In this we laid out the structure, now build how we are goint to accomplish this.

Let move the Entries struct to a new file

entries.go

package gitgo

type Entries struct {
    Path string
    OID  string
    Stat string
}

func NewEntry(name, oid, stat string) *Entries {
    return &Entries{Path: name, OID: oid, Stat: stat}
}

database.go

Lets change the name of our previous Tree struct

-type Tree struct {
+type TreeBlob struct {
 	Prefix string
 	Data   bytes.Buffer
 }

-func BlobInitialize(data []byte) *Blob {
-	prefix := fmt.Sprintf(`blob %d`, len(data))
-	return &Blob{
-		Prefix: prefix,
-		Data:   data,
-	}
+func (b Blob) Init() *Blob {
+	prefix := fmt.Sprintf(`blob %d`, len(b.Data))
+	b.Prefix = prefix
+	return &b
 }

-func TreeInitialize(data bytes.Buffer) *Tree {
-	prefix := fmt.Sprintf(`tree %d`, data.Len())
-	return &Tree{
-		Prefix: prefix,
-		Data:   data,
-	}
+func (t TreeBlob) Init() *TreeBlob {
+	prefix := fmt.Sprintf(`tree %d`, t.Data.Len())
+	t.Prefix = prefix
+	return &t
 }

-func (b *Blob) Store() ([]byte, error) {
+func (b *Blob) Store() (string, error) {
 	return StoreBlobObject(b.Data, b.Prefix)
 }

-func (t *Tree) Store() (string, error) {
+func (t *TreeBlob) Store() (string, error) {
 	return StoreTreeObject(t.Data, t.Prefix)
 }


-func StoreBlobObject(blobData []byte, prefix string) ([]byte, error) {
+func StoreBlobObject(blobData []byte, prefix string) (string, error) {

@@ -129,10 +126,10 @@ func StoreBlobObject(blobData []byte, prefix string) ([]byte, error) {
 	permPath := filepath.Join(DBPATH, hexBlobSha[:2], hexBlobSha[2:])
 	err := StoreObject(blob, prefix, folderPath, permPath)
 	if err != nil {
-		return nil, err
+		return "", err
 	}

-	return blobSHA, nil
+	return hexBlobSha, nil
 }

 func StoreCommitObject(commitData, prefix string) (string, error) {


-func FileMode(file os.DirEntry) (uint32, error) {
-	f, err := os.Stat(file.Name())
+func FileMode(file string) (uint32, error) {
+	f, err := os.Stat(file)
 	if err != nil {
 		return 0, err
 	}

After all the patching, lets write the code for abstracting the storage of the blob object,

database.go

func StoreOnDisk(path string) ([]Entries, error) {
    // returns the flatten list of files in root directory
    files, err := ListFiles(path)
    if err != nil {
        return nil, err
    }

    var entries []Entries
    for _, f := range files {
        err = blobStore(f, &entries)
        if err != nil {
            return nil, err
        }
    }
    return entries, nil
}

func blobStore(f string, entries []Entries) error {
    fp := filepath.Join(ROOTPATH, f)
    data, err := os.ReadFile(fp)
    if err != nil {
        return err
    }
    blob := Blob{Data: data}.Init()
    fileMode, err := FileMode(fp)
    if err != nil {
        return err
    }

    hash, err := blob.Store()
    entry := Entries{
        Path: f,
        OID:  hash,
        Stat: strconv.FormatUint(uint64(fileMode), 8),
    }

    *entries = append(*entries, entry)
    return nil
}

With this now we firstly store all the blob object in our repository.

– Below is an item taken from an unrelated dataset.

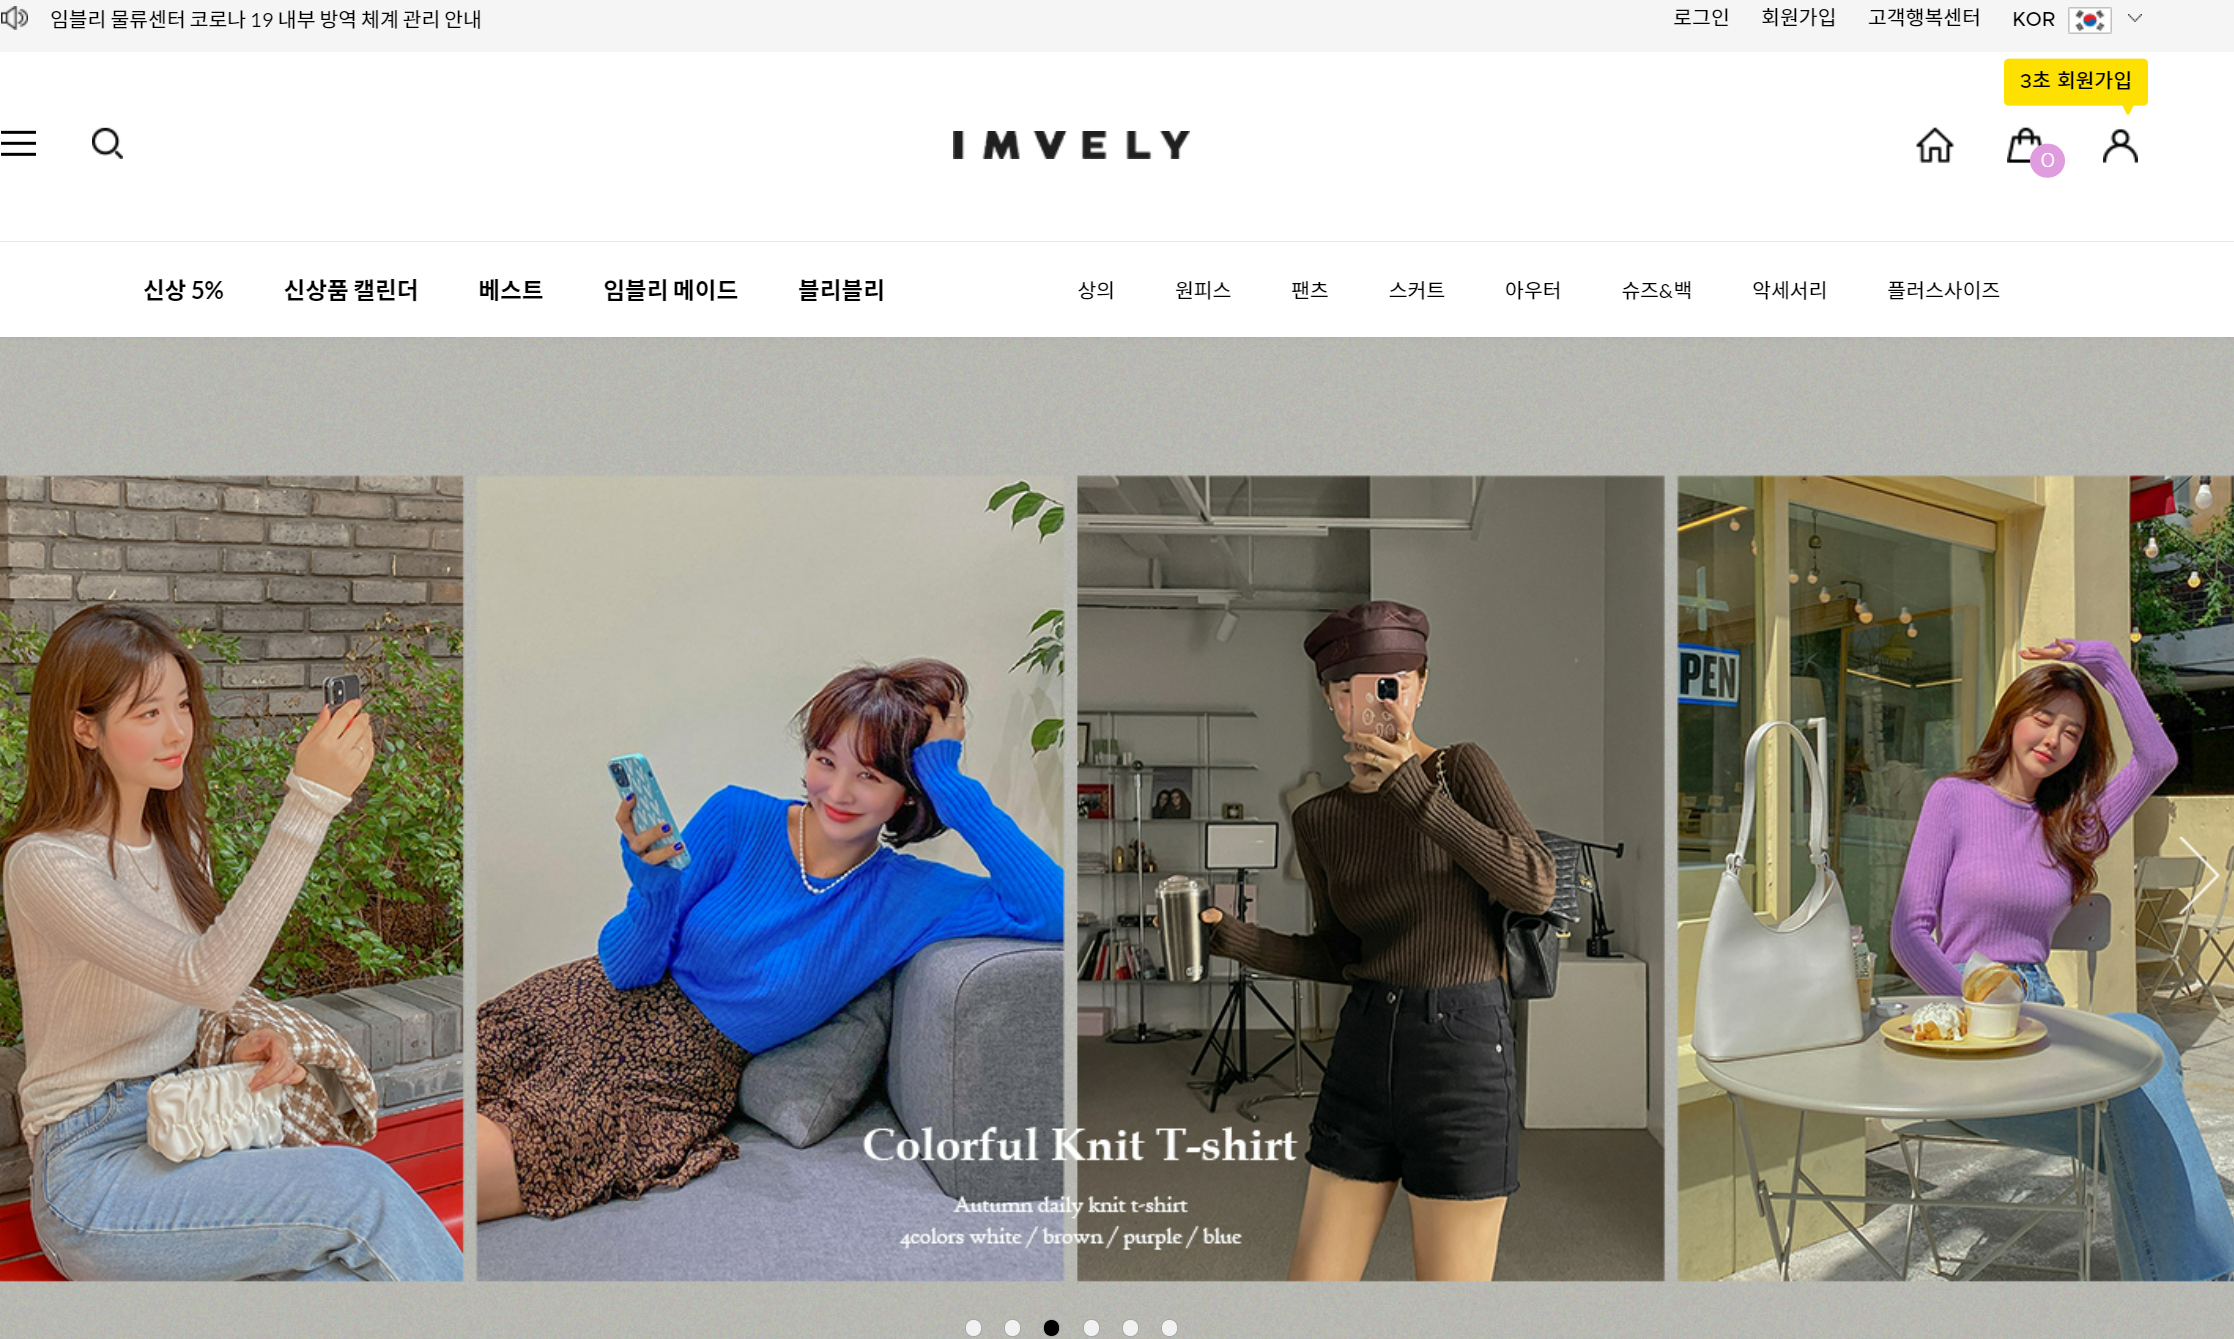 imvely - korea women fashion shop

Now, let’s build the tree structure from the flatten list and then store all the tree structure.

tree.go

package gitgo

import (
    "bytes"
    "encoding/hex"
    "errors"
    "fmt"
    "log"
    "sort"
    "strings"
)

type Node interface{}

type Tree struct {
    Nodes map[string]Node
}

func NewTree() *Tree {
    return &Tree{Nodes: make(map[string]Node)}
}

func BuildTree(entries []Entries) *Tree {
    root := NewTree()
    for _, entry := range entries {
        parts := strings.Split(entry.Path, "/")
        current := root
        // Walk through each part of the path.
        for i, part := range parts {
            // Last part, this is file entry
        }
        if i == len(parts)-1 {
            current.Nodes[part] = NewEntry(part, entry.OID, entry.Stat)
        } else {
            // Intermediate directory, see if a Tree already exists.
            if node, ok := current.Nodes[part]; ok {
                if subtree, ok := node.(*Tree); ok {
                    current = subtree
                } else {
                    // conflict, an entry already exists where a directory is expected.
                    log.Printf("%q already exists as a file; cannot create directory\n" part)
                    break
                }
            } else {
                // Create a new tree for this directory
                newTree := NewTree()
                current.Nodes[part] = newTree
                current = newTree
            }
        }
    }
}

func TraverseTree(tree *Tree) ([]Entries, error) {
    entry := []Entries{}
    for name, node := range tree.Nodes {
        switch n := node.(type) {
        case *Tree:
            e, err := TraverseTree(n)
            if err != nil {
                return nil, err
            }
            tree := TreeBlob{Data: CreateTreeEntry(e)}.Init()
            hash, err := tree.Store()
            if err != nil {
                return nil, err
            }
            ne := Entries{Path: name, OID: hash, Stat: "040000"}
            entry = append(entry, ne)
        case *Entries:
            entry = append(entry, *n)
        default:
            return nil, errors.New("unknown data type")
        }
    }
    return entry, nli
}

Lets move the CreateTreeEntry function from the database.go to the tree.go

tree.go

func CreateTreeEntry(entries []Entries) bytes.Buffer {
    var buf bytes.Buffer
    sort.Slice(entries, func(i, j int) bool {
        return entries[i].Path < entries[j].Path
    })
    for _, entry := range entries {
        input := fmt.Sprintf("%s %s", entry.Stat, entry.Path)
        buf.WriteString(input)
        buf.WriteByte(0)
        rawOID, err := hex.DecodeString(entry.OID)
        if err != nil {
            log.Printf("converting oid to raw: %s, for: %s", err, entry.Path)
        }
        buf.Write(rawOID)
    }
    return buf
}

In our CreateTreeEntry function we added the sorting function, to first sort all the entries, and then write them to the disk, because git also firstly sorts the directory and then stores them to the disk, this help in know if there is any change in the directory structure or not.

Design choice

Why are we first creating a flattened list, storing all the blobs and then recreating the tree from that flatten list and then storing the tree? Why can’t we store the blobs and tree object on disk as we traverse the directory and do it in one go?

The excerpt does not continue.